✔ 最佳答案
(b) Multiply all terms by [ sqrt 3 + sqrt 2]^6, we get
[sqrt 3 + sqrt 2]^6[sqrt3 + sqrt 2]^6 + [sqrt 3 - sqrt 2]^6[sqrt 3 + sqrt 2]^6 = 970[sqrt 3 + sqrt 2]^6
[sqrt 3 + sqrt 2]^6[sqrt 3 + sqrt 2]^6 + 1 = 970[sqrt 3 + sqrt 2]^6
Let [sqrt 3 + sqrt 2]^6 be x, the equation becomes
x^2 + 1 = 970x
x^2 - 970x + 1 = 0
Solving this quadratic equation, we get
x = [ sqrt 3 + sqrt 2]^6 = 485 + 198 sqrt 6. ( 485 - 198 sqrt 6 is rejected since it equals to zero.)

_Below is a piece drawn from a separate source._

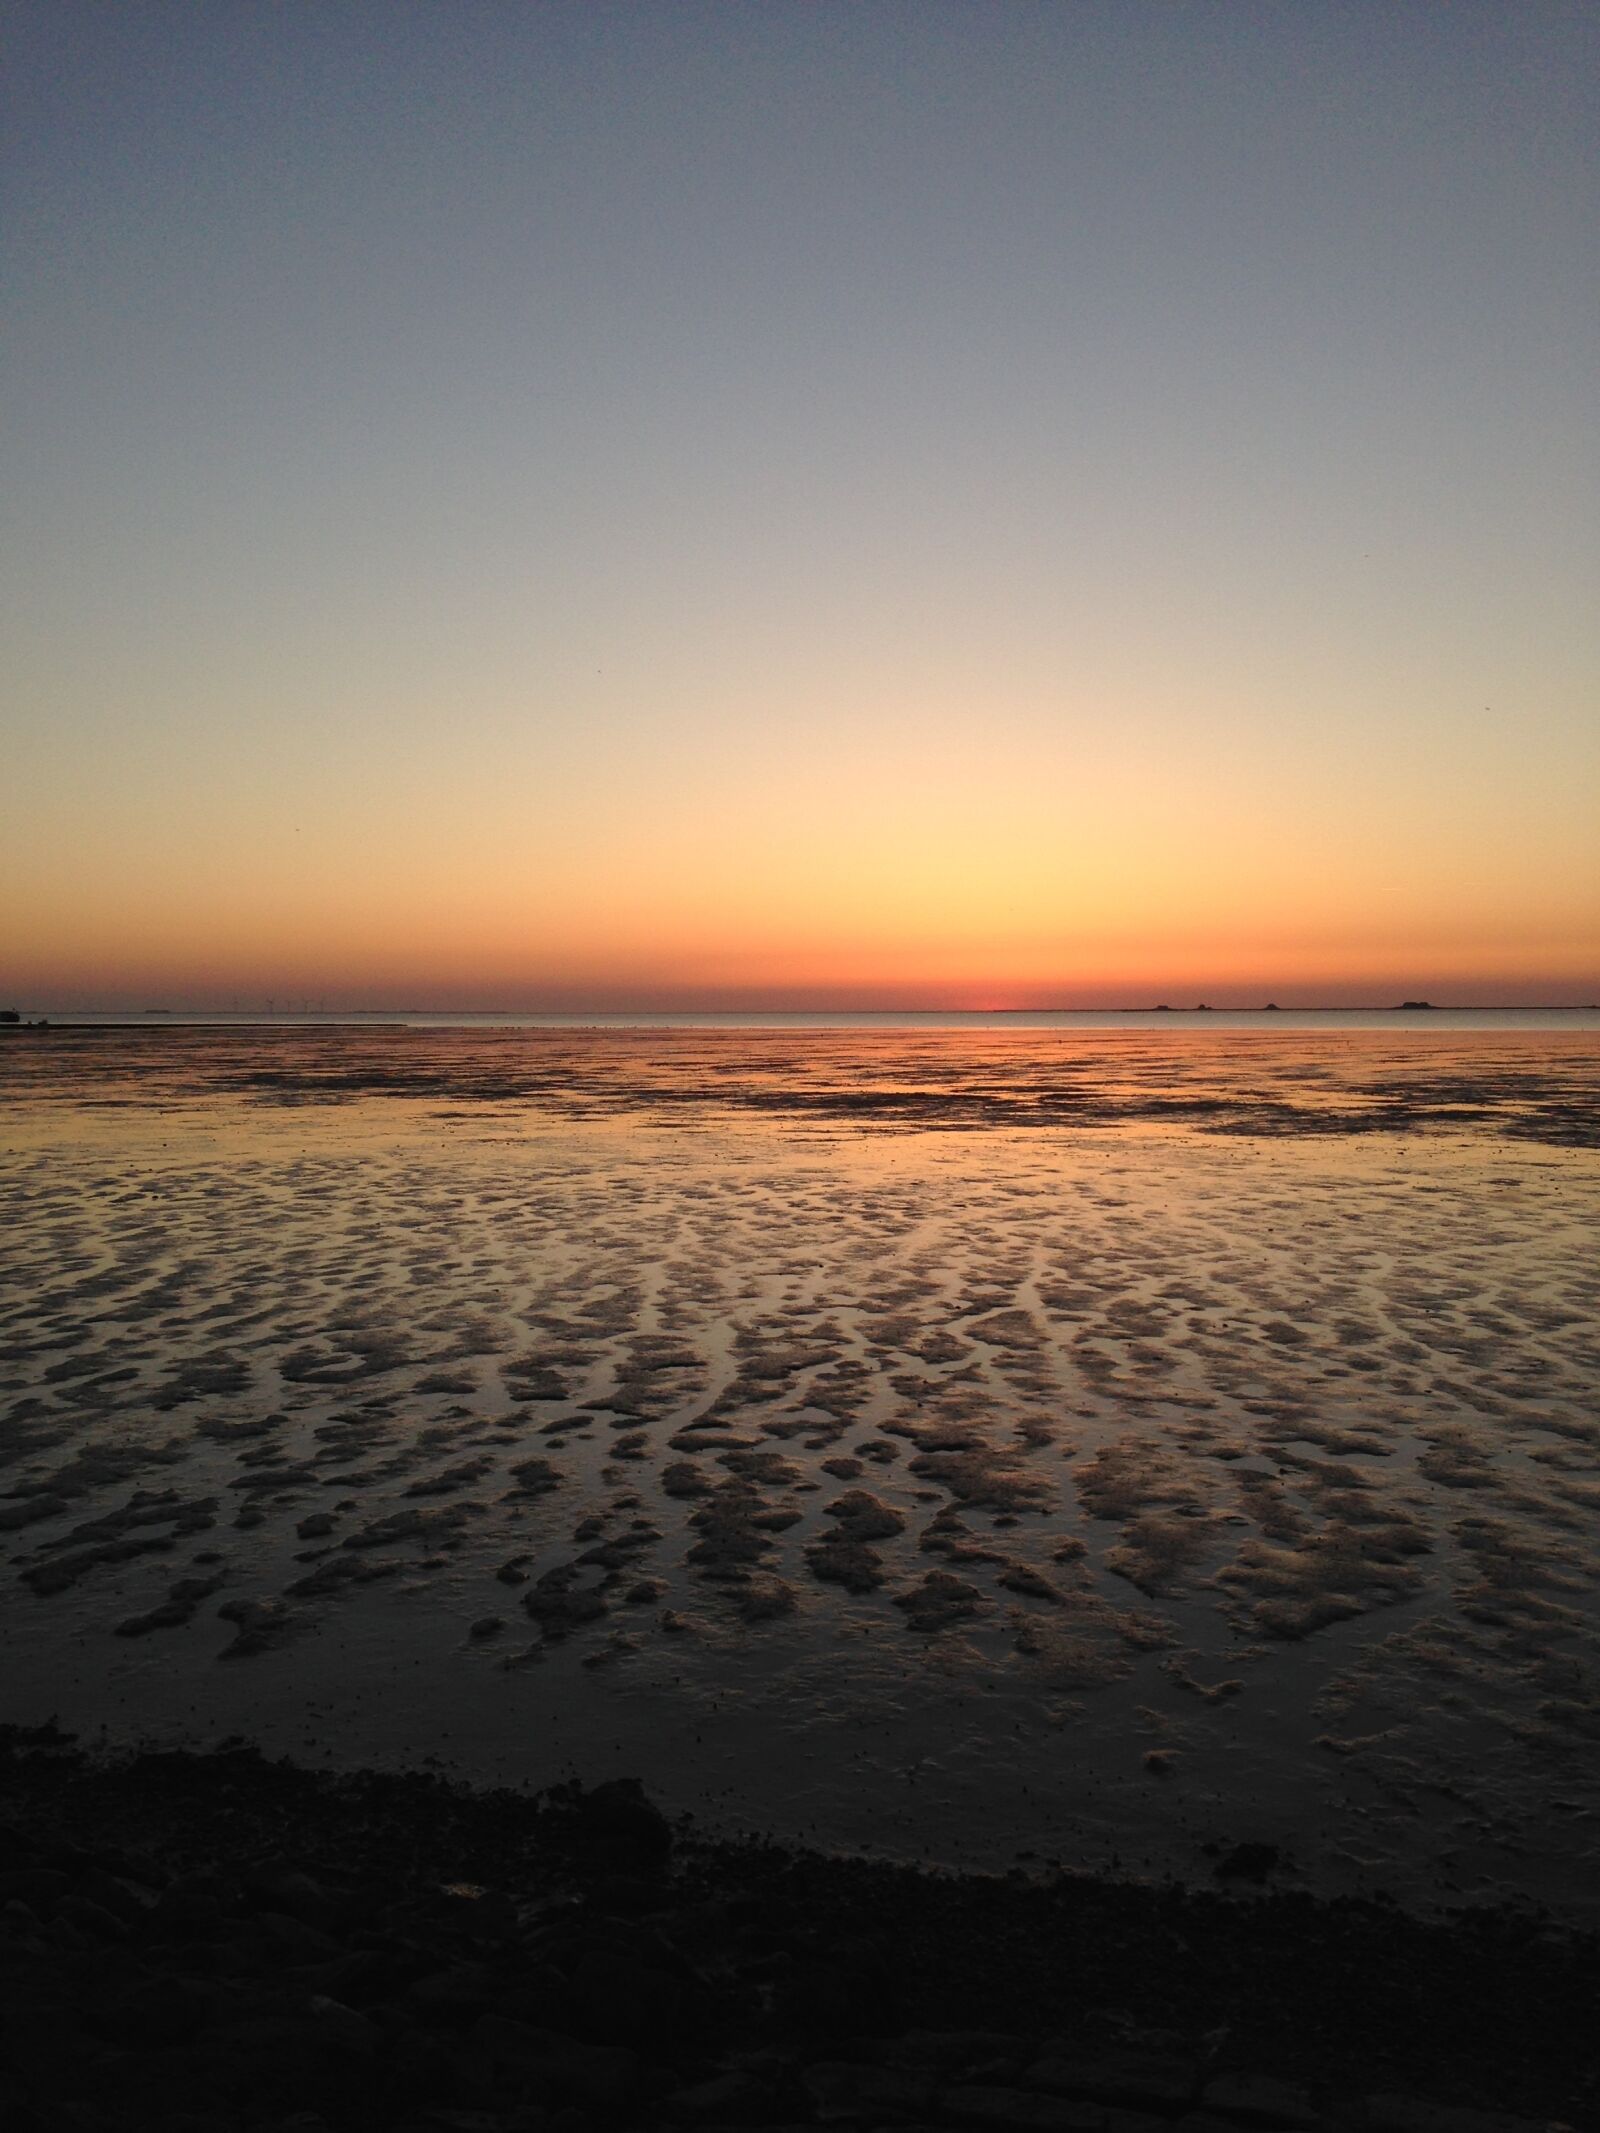 Apple iPhone 5 sample photo. Sunset, sea, watts photography

Note : Putting n = 1 in part (a) is not exactly correct, you should use the relation (a^n)(b^n) = (ab)^n
2012-08-25 09:05:55 補充:
Correction : 485 - 198 sqrt 6 equals to - 0.00103, not exactly equals to 0. It is rejected because it is negative.
2012-08-25 09:10:14 補充:
Sorry. 485 - 198 sqrt 6 is not negative, it is 0.00103. So reject because too small.
2012-08-25 11:16:16 補充:
Note : 485 - 198 sqrt 6 is the answer for [sqrt 3 - sqrt 2]^6.